Monday, 26 September 2016

Spy Fiction

After graduation from the Time Patrol Academy in the American West of the Oligocene period:

"...each went back to the same year he had come from: the same hour."
-Poul Anderson, "Time Patrol" IN Anderson, Time Patrol (New York, 2006), 2, p. 16.

Ostensibly, there has been no interruption to their lives. In reality, each:

has been physically and psychologically trained;
has gained an outline of history, both past and future, and also a more detailed knowledge of his own period;
now belongs to a powerful secret organization -

Everard "...got a list of contemporary agents (several of them holding jobs in places like military intelligence)..." (ibid.)

Thus, Everard, ostensibly a "special consultant to Engineering Studies Co..." (p. 16), has access to top secret information. His fellow Patrolmen who are intelligence agents will, in the 1950s, be on both sides of the Iron Curtain and will cooperate to keep history on track. The Cuban missile crisis must happen on schedule but must not result in World War III.

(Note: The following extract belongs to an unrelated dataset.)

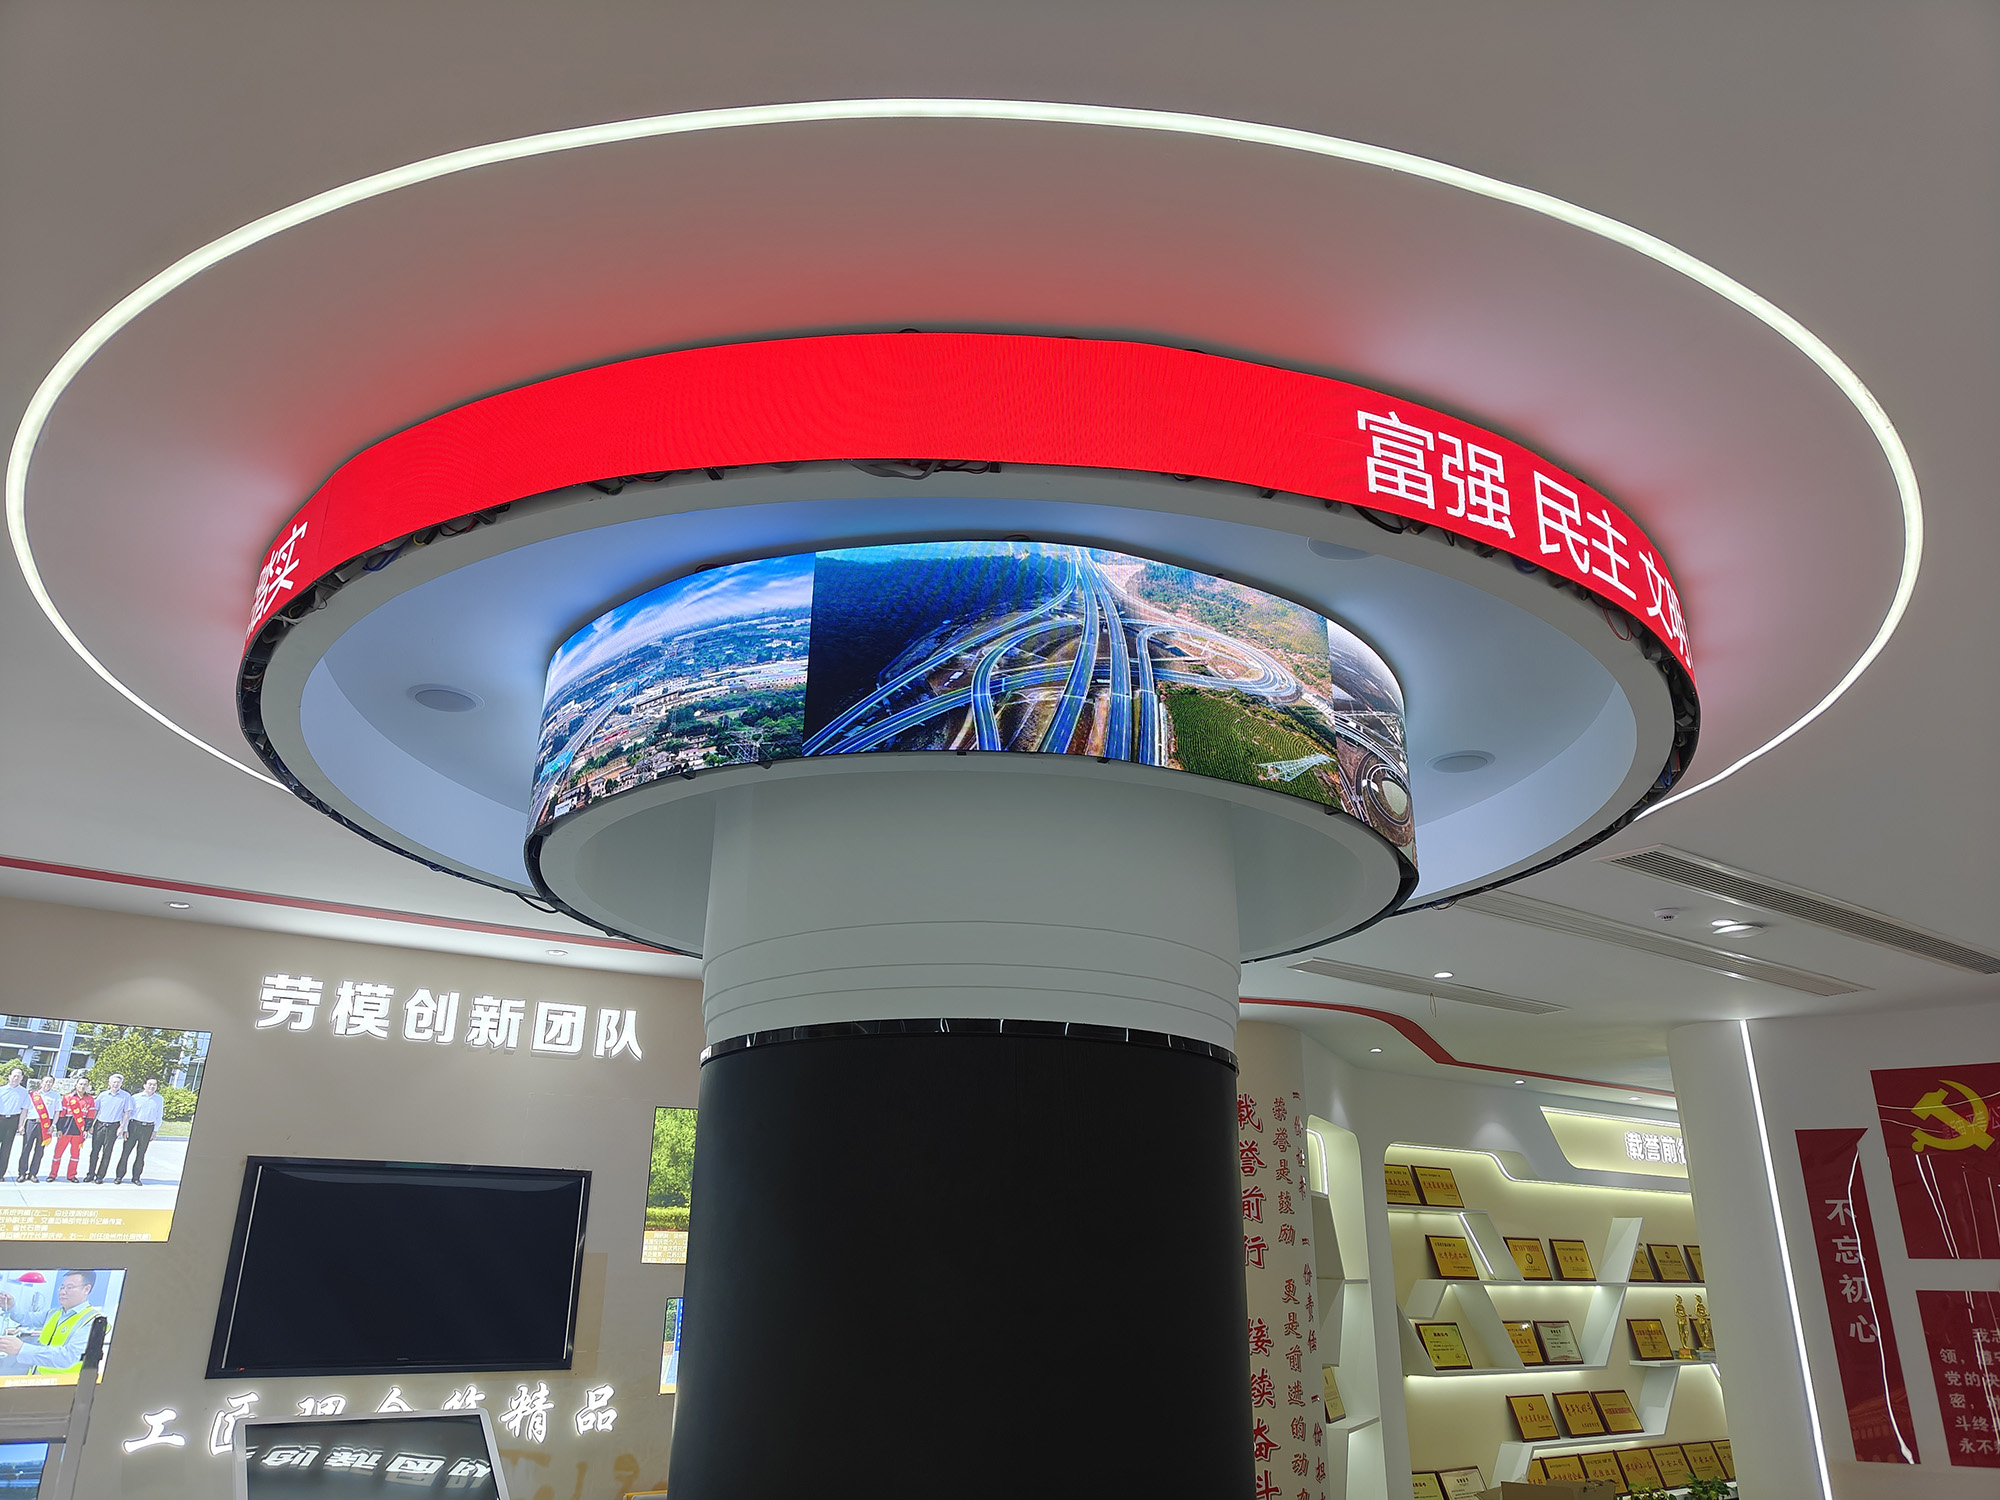  江苏省徐州市鼓楼区软模组P2.0 led显示屏

Here we have scope for a spy novel in which a CIA agent engaged in espionage against the USSR:

cooperates with his colleagues;
most of the time, works against his opposite numbers in the KGB, GRU etc;
occasionally, and very covertly, shares military intelligence with some of his overt opponents;
also unaccountably shares such information with one Everard, a civilian working with "Engineering Studies" -

- but the fact that this was all connected with time travel would not be mentioned. To learn more, the reader would have to follow the further adventures of Everard in Time Patrol and The Shield Of Time.

5 comments:

Sean M. Brooks said...

Kaor, Paul!

I would like to have known more about these Time Patrol agents who also "doubled" as agents of the intelligence agencies of the US, UK, or USSR. Did they ever suffer any conflicts of loyalty about where their allegiance lay, with the Patrol or the countries they ostensibly served?

Sean

Paul Shackley said...

Sean,
I think that they would have very clear guidelines/instructions/information about when to cooperate with each other and when to act in the interests of the separate countries. Those in the USSR would only be ensuring that the regime held together until it collapsed.
Paul.

Sean M. Brooks said...

Kaor, Paul!

Dang! I should have thought of that, it makes sense!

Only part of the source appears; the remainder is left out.